In substance, the 'allegations of plaintiffs ’ petition are as follows:

The petitioners are the owners, respectively, of the tracts of "land in Ray County, Missouri, described; part of each of these tracts extends under Sunshine Lake, and the remainder of the tracts are contingent thereto. The Caiiíden Bend Drainage District is a public corporation, created, organized and existing under and by virtue of an Act of the Legislature of the State of Missouri relating to Organizations of Drainage Districts by Circuit Courts, Article I, Chapter 79, R. S. Mo. 1939. Said Drainage District was incorporated by decree of the Circuit Court for Lafayette County, Missouri, and entered of record. The defendants Stover, Seward, Hilliard, Rogers and Stover are supervisors of the District, defendant Myers is the chief engineer, and defendant Gray is the contractor for said district. Defendant Myers has prepared a plan of reclamation for the district, which has been approved and adopted by the supervisors and is to be *495 carried into execution by defendant Gray, contractor; defendant Gray has entered into a contract with the district for the performance of the work therefor, and said plan has been filed in the same court where this action is instituted and is part of the proceeding’s of said district. That pursuant to said plan defendant Gray, at the direction of said supervisors and said engineer, is now constructing a ditch in said district in accordance with said plan, which ditch would drain the water from Sunshine Lake.
Sunshine Lake is a natural body of water several hundred acres in area. Many cabins and other improvements have been constructed by plaintiffs on their lands along the east bank of said lake for the accommodation and use of customers of the plaintiffs and for the plaintiffs; that such customers use such improvements for boating, swimming, fishing, hunting and other recreational activities; that said riparian lands are especially adapted’ to such use, and plaintiffs have constructed said improvements for such purposes, and have beautified the lake shore owned by them with shrubbery and trees, and have constructed docks, ovens, and other improvements for their use and for their customers; plaintiffs have dedicated the same for business purposes as a business enterprise and for their own comfort, convenience and pleasure.

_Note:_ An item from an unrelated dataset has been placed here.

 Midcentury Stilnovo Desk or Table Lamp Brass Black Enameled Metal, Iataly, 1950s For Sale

Said district did not include the swamp, wet and overflowing lands or lands subject to overflow, nor did the Articles of Association and petition for decree of such incorporation include the whole of the area of such contiguous swamp lands subject to overflow. The said lands of plaintiff are more subject to overflow than the lands within the boundaries of said district, and are contiguous to the land described in said Articles of Association set forth in the petition for decree of incorporation, and in the decree. By reason of the failure to include plaintiffs’ said lands within said district, said district did not include a majority of acreage of the whole area of the contiguous body of Said swamp lands as provided in Section 12324, R. S. Mo. 1939 (quoted).
In accordance with the said purported plan filed in the same court and the operation thereof by the defendants they intend to take and will take through the construction and operation of said plan, water from said private lake, thereby depriving plaintiffs ’of their property without due process of law.

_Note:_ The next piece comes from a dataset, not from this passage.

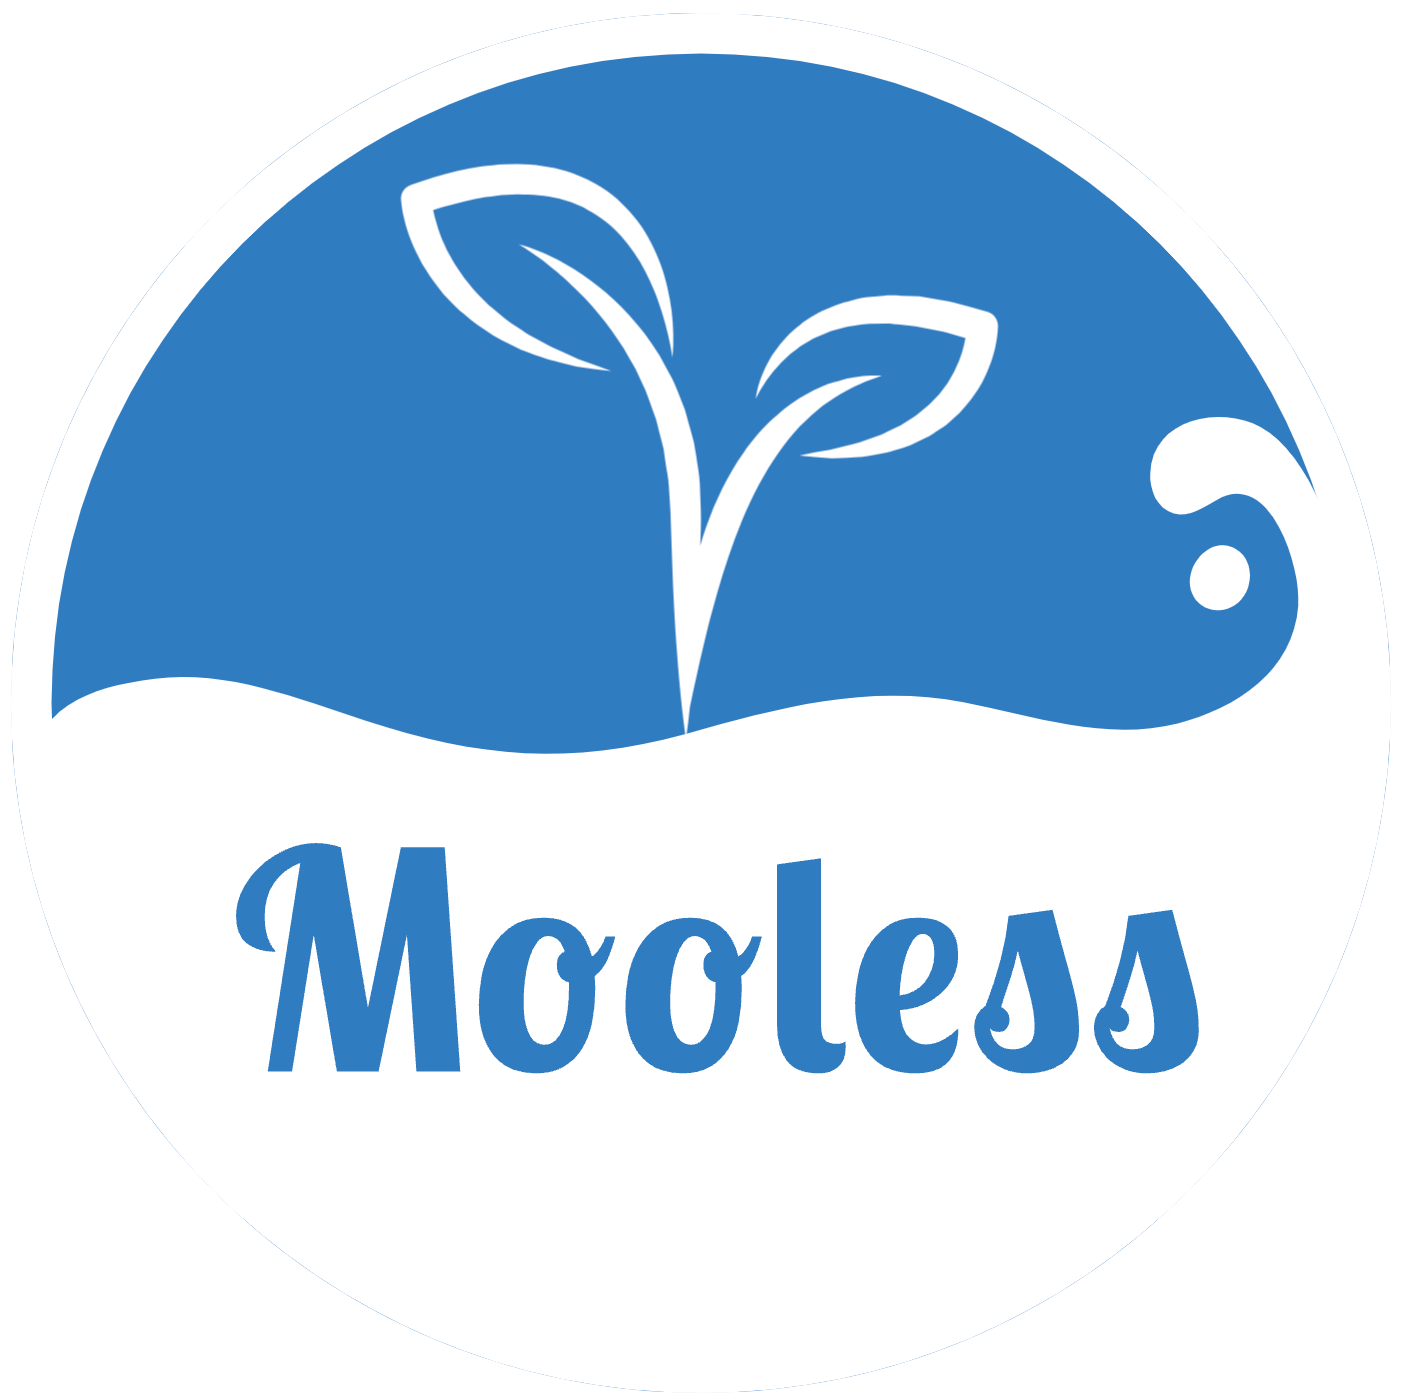 Mooless

As a result of said purported plan plaintiffs’ said land will be used by the district as a holding basin and for other works as set out in the plan; that the source of the water for said lake has always been a water shed several miles north and northwest thereof, and during rainy seasons the water flowing from said water shed will enter said lakebed in greater volume than can *496 be drained therefrom under the plan, in that ditches and culverts provided by the plan are insufficient to carry water from the lake as fast as, during such seasons, will enter said lake, and water therefrom will be impounded upon plaintiffs’ said lands, which will thus be used by the district as a holding basin. Said lake is being converted thereby from a useful and beneficial property to a holding basin.
Pursuant to Section 12336, R. S. Mo., 1939, it was necessary for the commissioners appointed by the court to view the premises and determine the value of all the land and other property within or without the district to be used for rights-of-way, holding basins and other works set out in said plan, and to assess the amount of benefits and damages, if any, accruing to each parcel of land according to ownership by reason of carrying out and putting into effect said plan of reclamation. The commissioners appointed by this court did not determine such value of the land owned by plaintiffs to be used as a'holding basin, or other works as set out in the plan, and did not assess the benefits or damages to plaintiffs’ lands, all in direct violation of said statute.
Upon the filing of' the Report of the Commissioners for said district it became incumbent upon the clerk of the Circuit Court of Lafayette County, Missouri to publish notice thereof once a week for three consecutive weeks in some newspaper published in Ray County, Missouri, wherein plaintiffs’ said lands are situated, which notice is for the purpose of apprising plaintiffs of the filing of said Commissioners’ Report as to the value of lands to be taken by said district for rights-of-way, holding basins for the district, and the assessments of benefits or damages accruing to plaintiffs’ said lands. Said clerk failed to give notice to plaintiffs of the filing of the Report of the Commissioners, and plaintiffs were, therefore, never given legal notice of the filing of said report as provided by Section 12337, R. S. Mo., 1939.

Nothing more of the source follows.